### Material provided
★ ★ ★

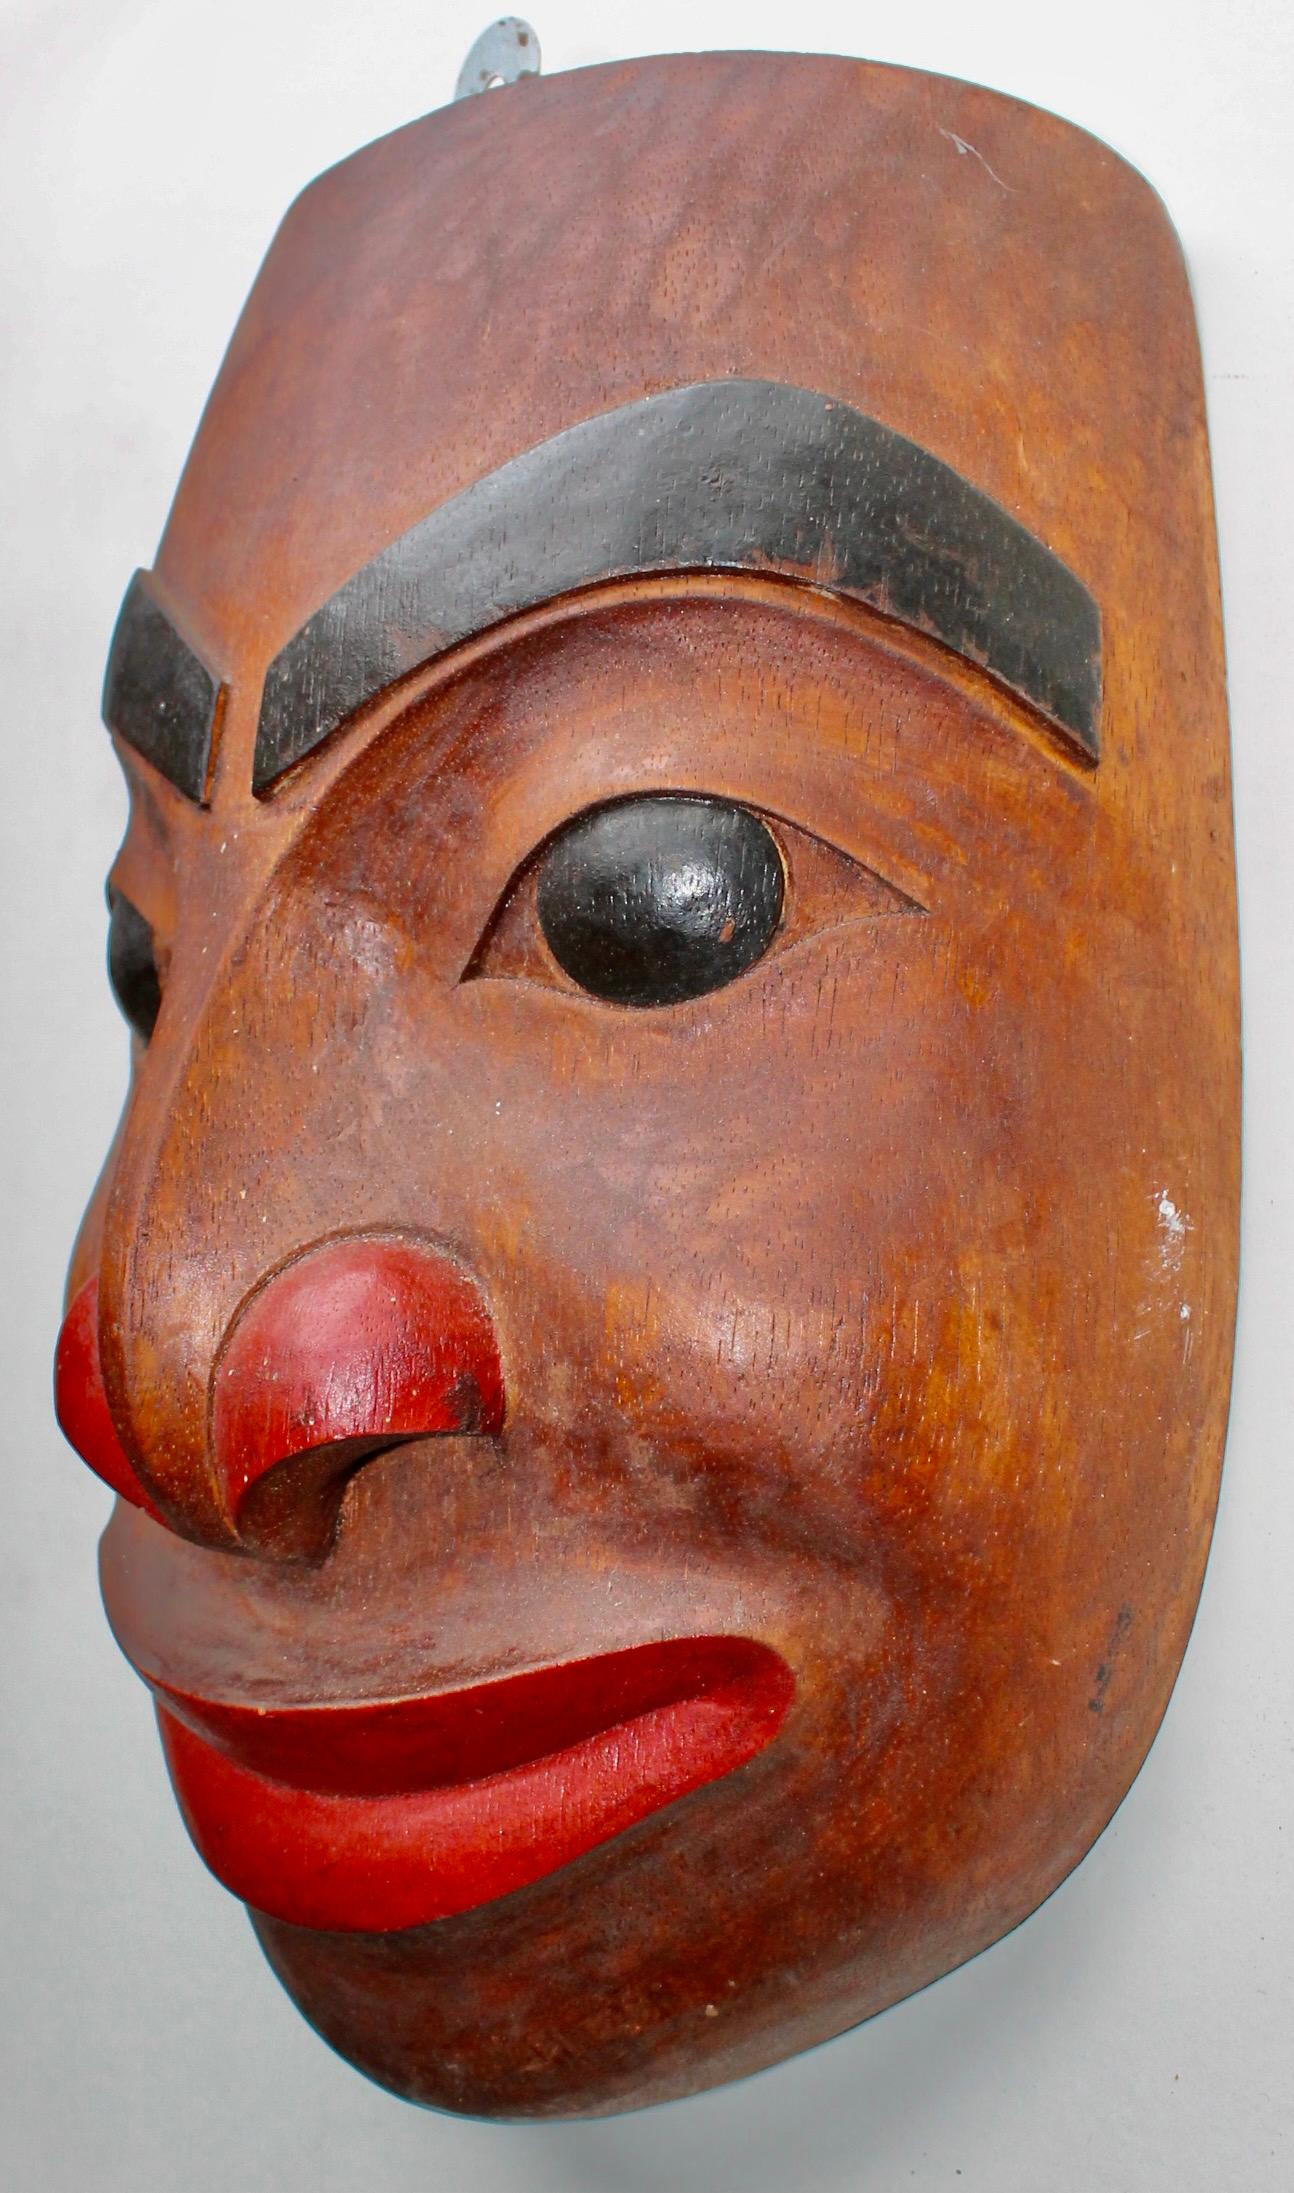 Masque en bois de style traditionnel du nord-ouest de l'Inde, fabriqué à la main et datant du milieu du siècle dernier.
Style.
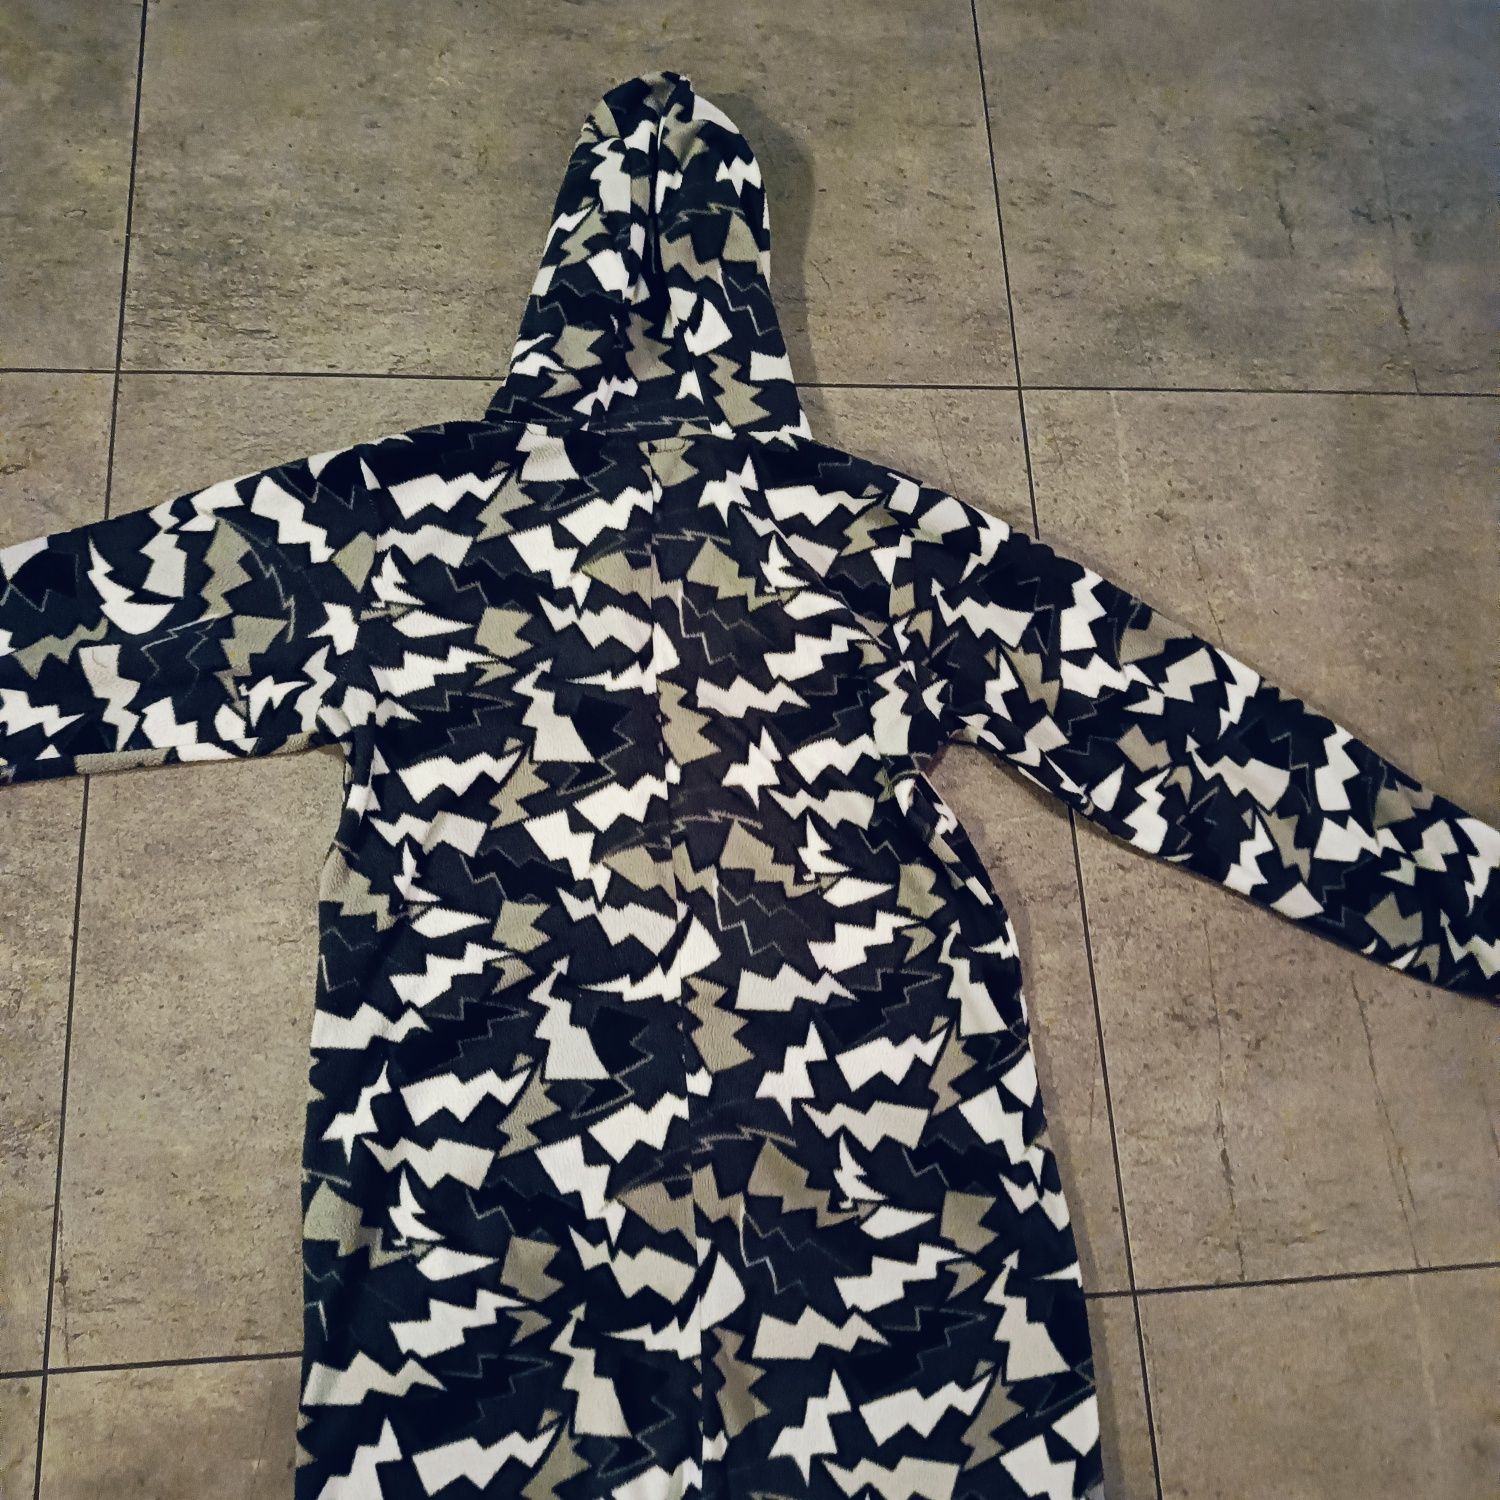 Kombinezon, onesie, piżama jednoczęściowa, pajac, rozmiar 146/152 cm

★ ★ ★

### Work required
Please reproduce the whole listing exactly; the pictures stay out.

### Result of this task
 Masque en bois de style traditionnel du nord-ouest de l'Inde, fabriqué à la main et datant du milieu du siècle dernier.
Style.
 Kombinezon, onesie, piżama jednoczęściowa, pajac, rozmiar 146/152 cm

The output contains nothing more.